An Open Letter to Lord Patten, Chairman of the BBC Trust

Subject: An Open Letter to Lord Patten, Chairman of the BBC Trust
From: Darius Becker
Date: 13 Nov 2012
Lord Patton BBC Trust

Dear Lord Patten.
I thought you were a man of integrity, and the right man for the job as Chairman of the BBC Trust, the independent free-of-Parliament organisation that is entrusted with overseeing a British Broadcasting Corporation in terms of value for money and quality. You said yesterday that the BBC needs to "get a grip" and you indicated that more heads will roll following the resignation of the Director-General, George Entwistle. Good so far.
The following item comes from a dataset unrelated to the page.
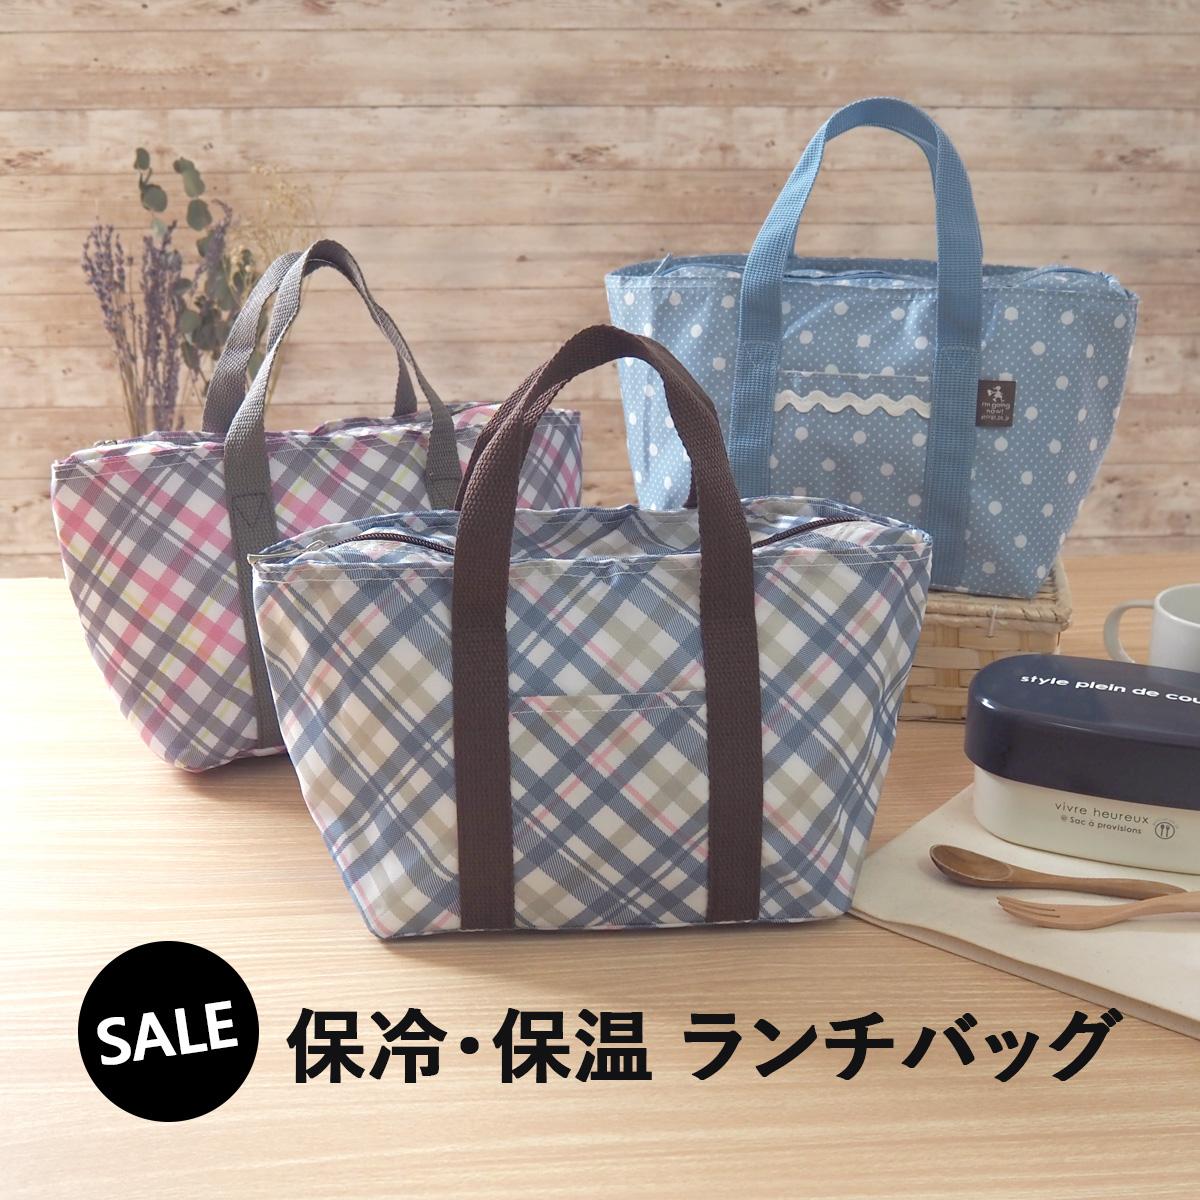 おしゃれなランチバッグ。お弁当も安心の保冷バッグです。 ランチバッグ・トートバッグ型 保冷保温 ランチバッグ 保冷バッグ お弁当

But you refuse to condemn the payment of a year’s salary to Mr Entwistle despite the fact that he presided over two months’ worth of ineffectual management of the BBC.

In what other organisation would you be rewarded for being weak and failure of leadership? You say that the decision to pay him nearly a quarter of a million pounds of taxpayers’ money was nothing to do with you and outside of your purview. Just what do you do Lord Patten? Your silence in this matter just adds to the suspicion that as good as the BBC is in terms of programme making and commissioning, it is a cosy club where ranks close and deals are done when wrong-doing or cock-ups are exposed. If Entwistle was poor, then he should have been sacked. If not and he did nothing wrong, then he shouldn’t have been made a scapegoat. But to have done a deal with him where he would walk in return for more cash than he was entitled, stinks to the core. Where do you stand on this Lord Patten? Oh, sorry, it’s nothing to do with you is it? Just what is your job then?
Of course, you know that your job is safe, despite saying that other heads in the BBC must roll. Why not yours? Oh. You did nothing wrong. It wasn’t your responsibility and you didn’t want to get your hands messy with nasty back-room deals to give Entwistle a generous pay-off to walk the plank. Just what do you do Lord Patten?

Were you not shamed to hear the debate in Parliament today where, in an unusual show of cross-party unanimity, the Entwistle deal was roundly condemned? Do you really claim that you knew nothing about it? Just what is your job Lord Patten? I know you will sleep well at night, protected by friends in Parliament, and grandees across industry. But just for once- why not do the decent thing, and resign your Chairmanship? Or perhaps there’s a cloak surrounding your job, and vacating it will not result in any vacuum or absence of activity. Because there was none there in the first place!